*** Collected material Section Begins ***

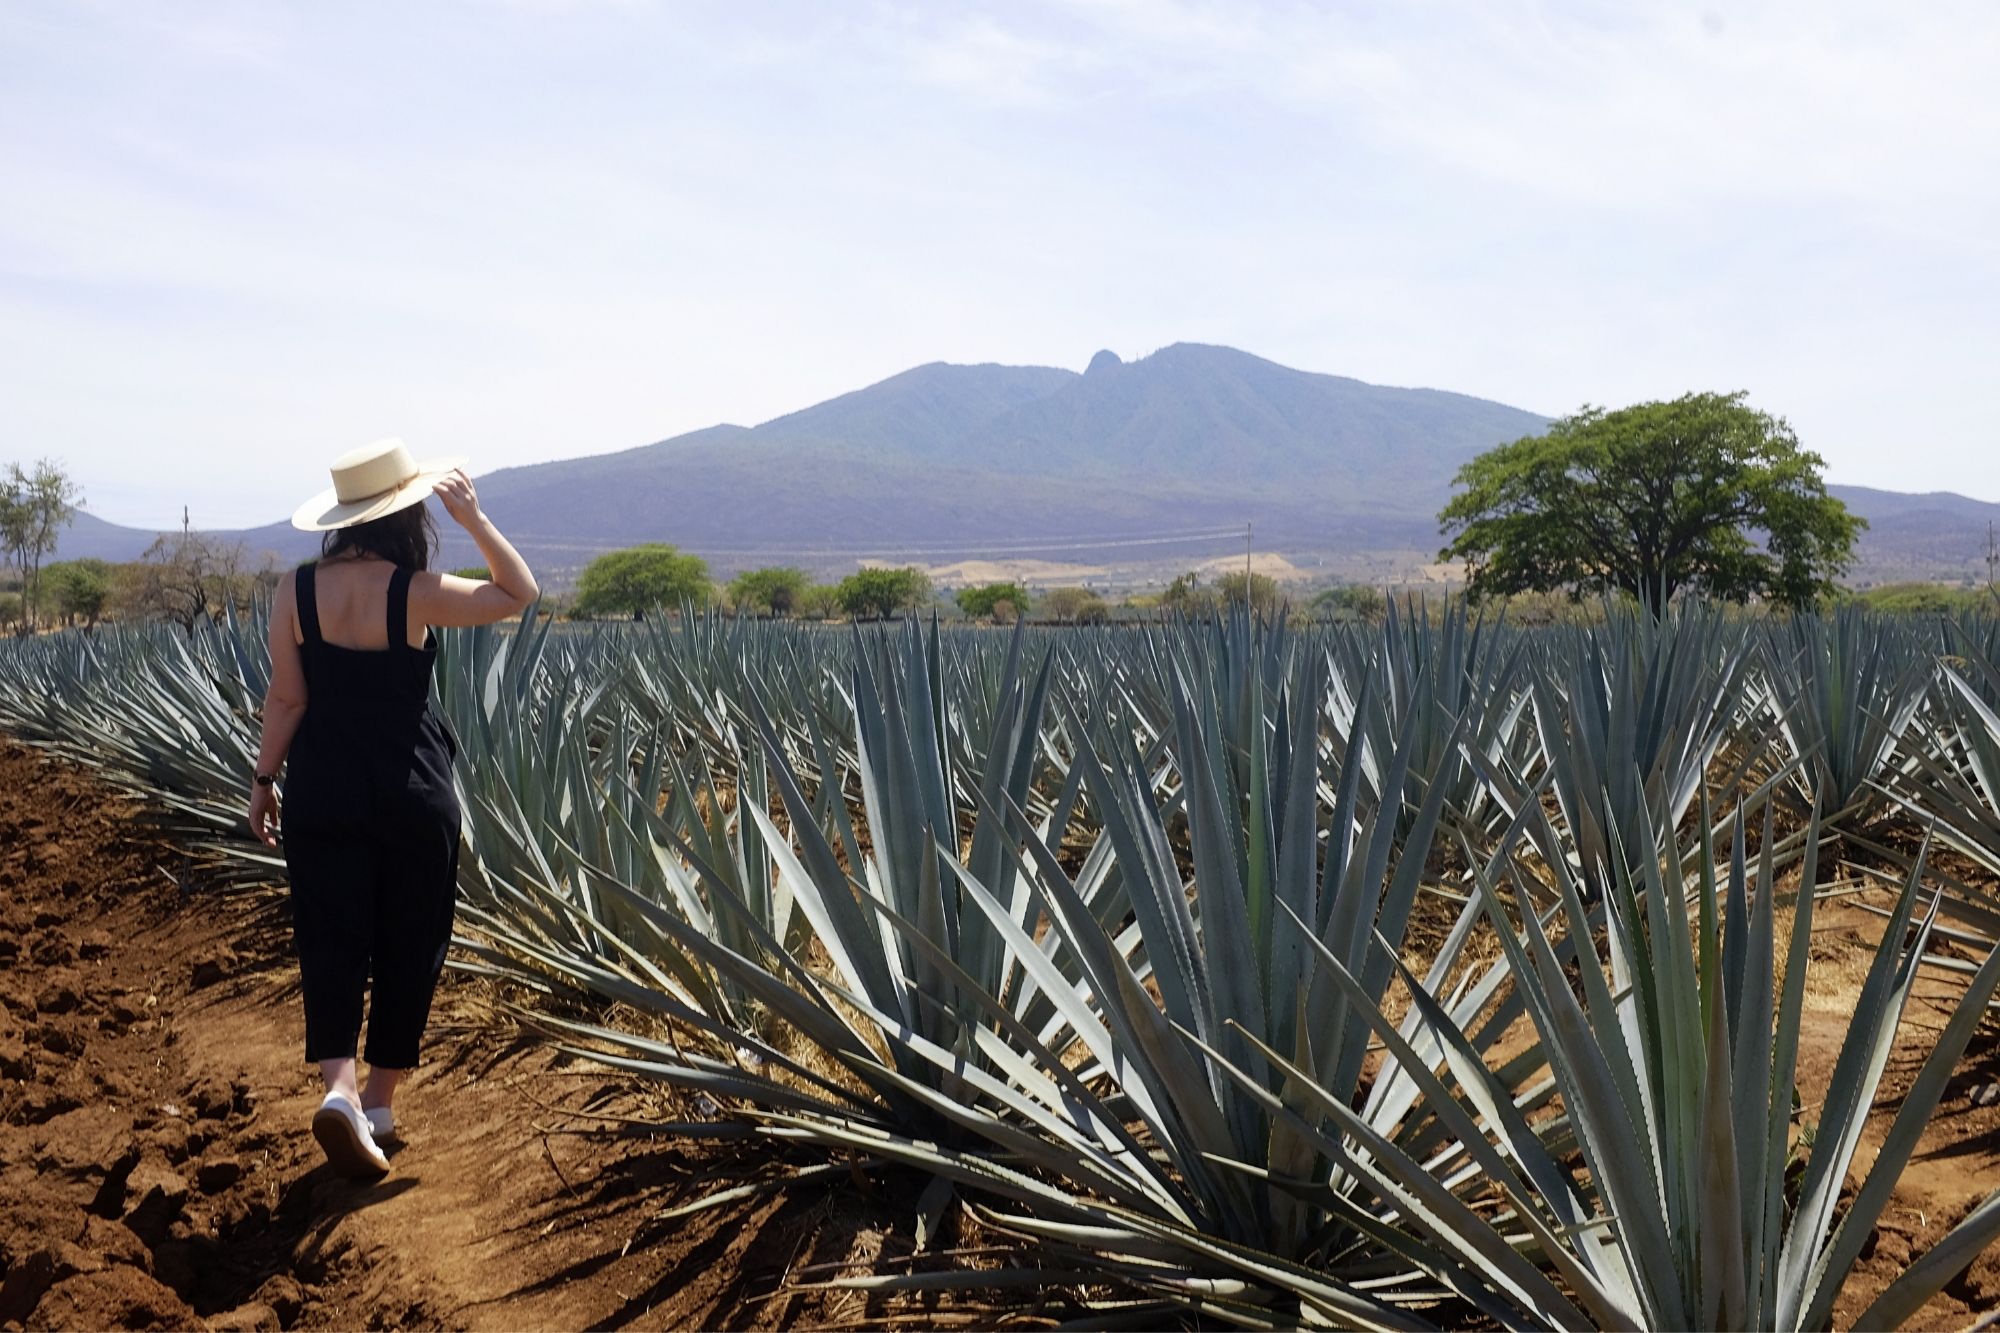 Alyssa stands in an agave field wearing a large hat
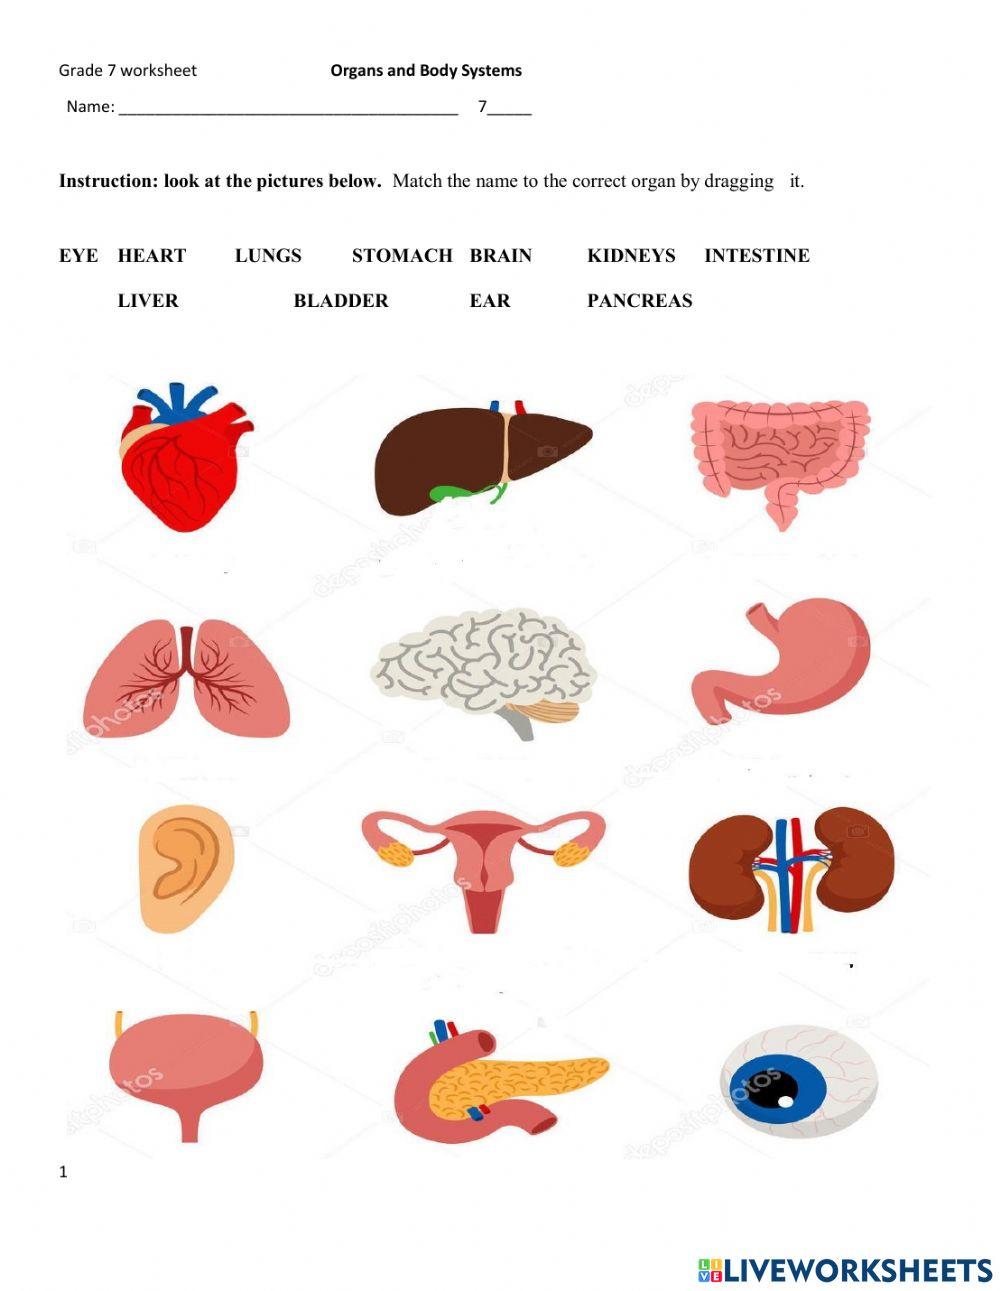 Organs and Body systems
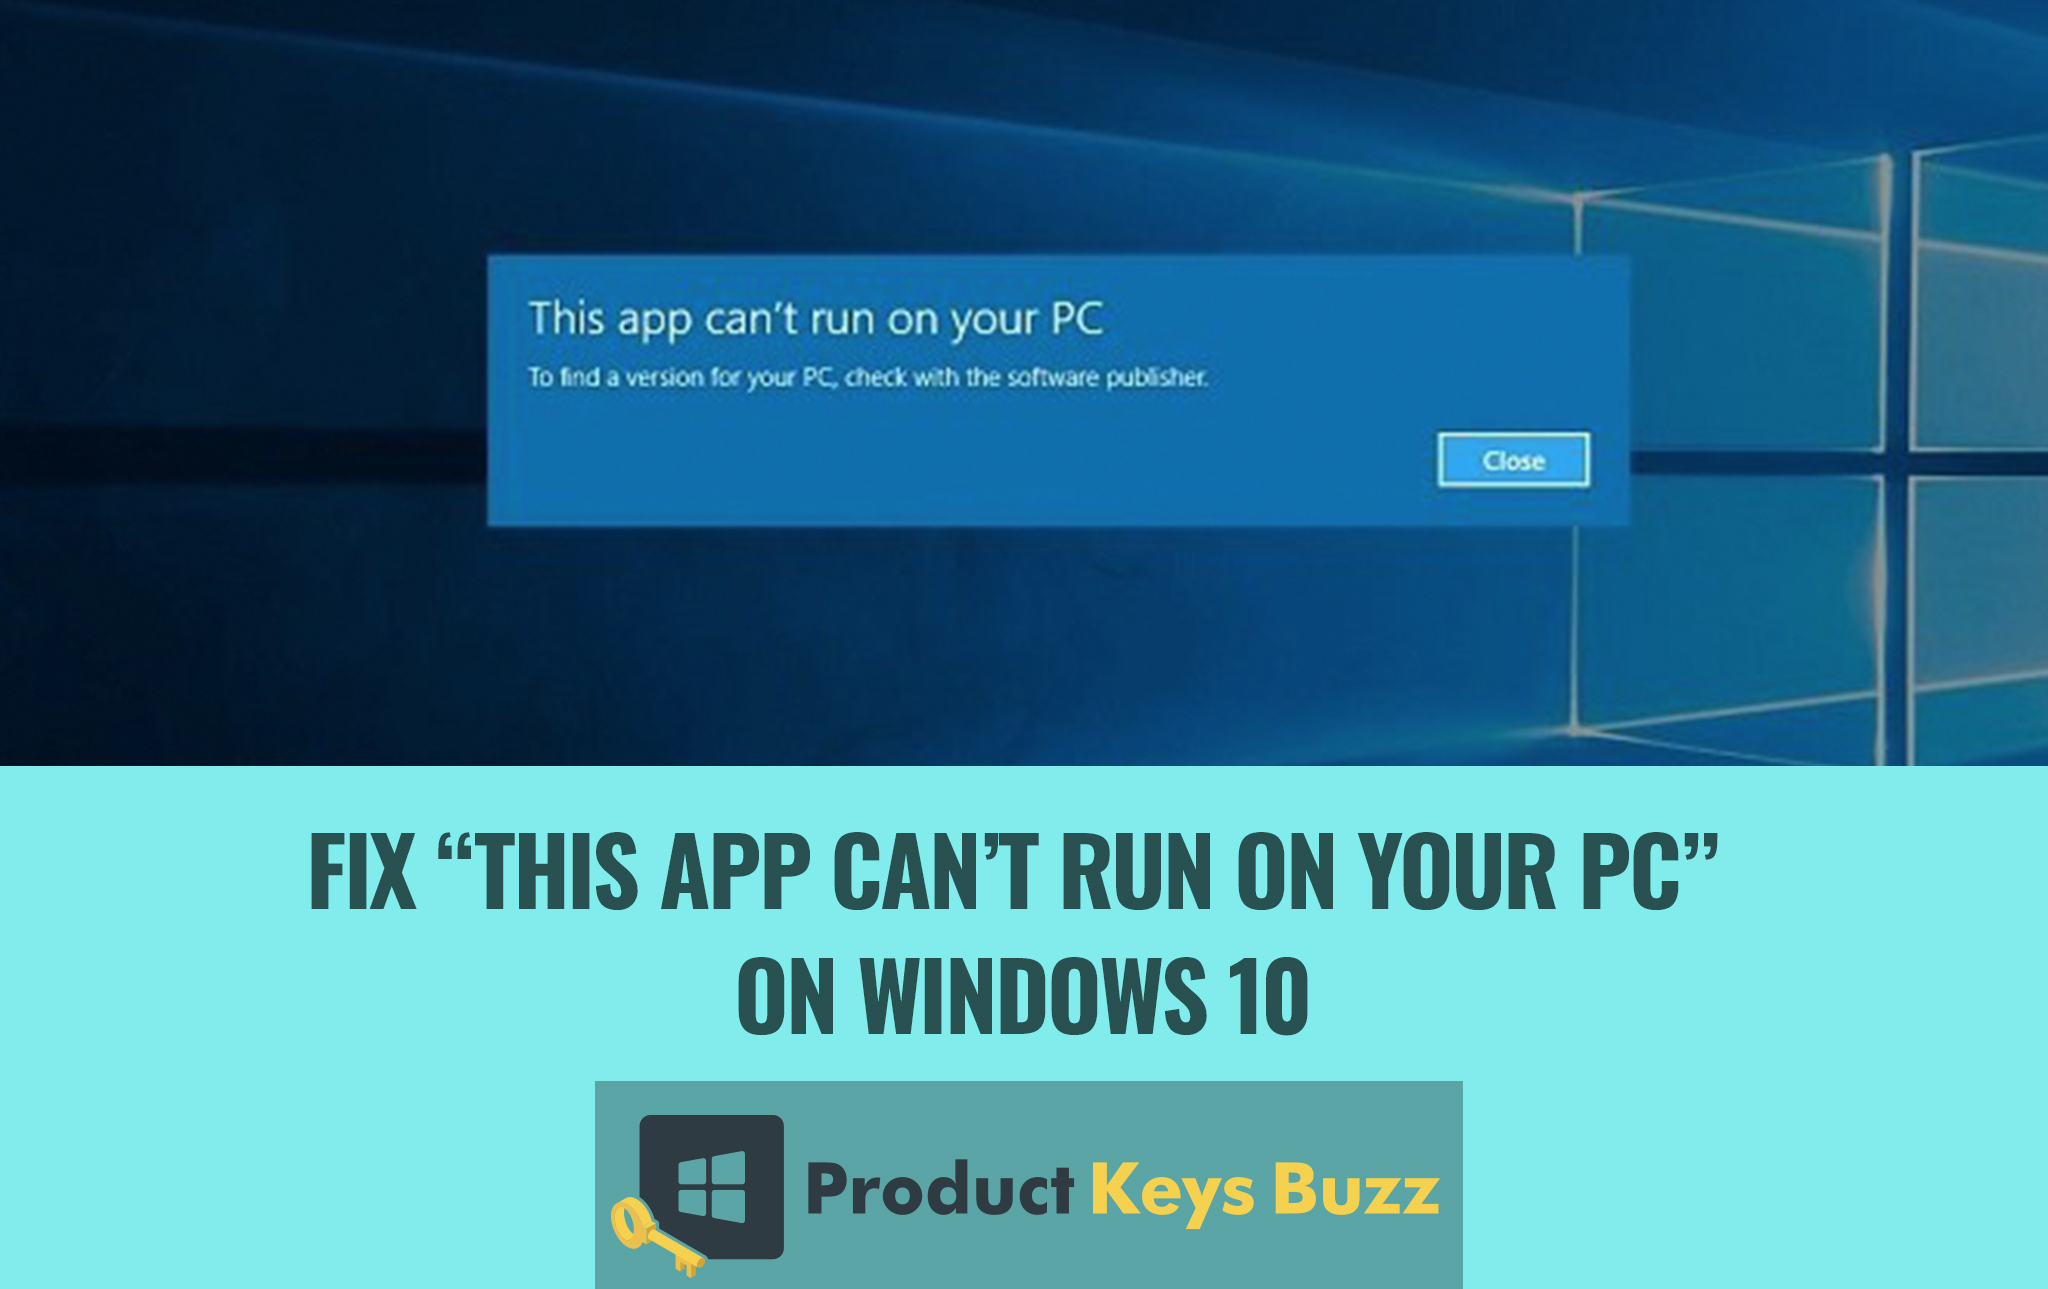 Fix “This app can’t run on your PC” on Windows 10

*** Collected material Section Ends ***

Problem to work on = Print the listing word for word, but omit the pictures.

Written reply =
 Alyssa stands in an agave field wearing a large hat
 Organs and Body systems
 Fix “This app can’t run on your PC” on Windows 10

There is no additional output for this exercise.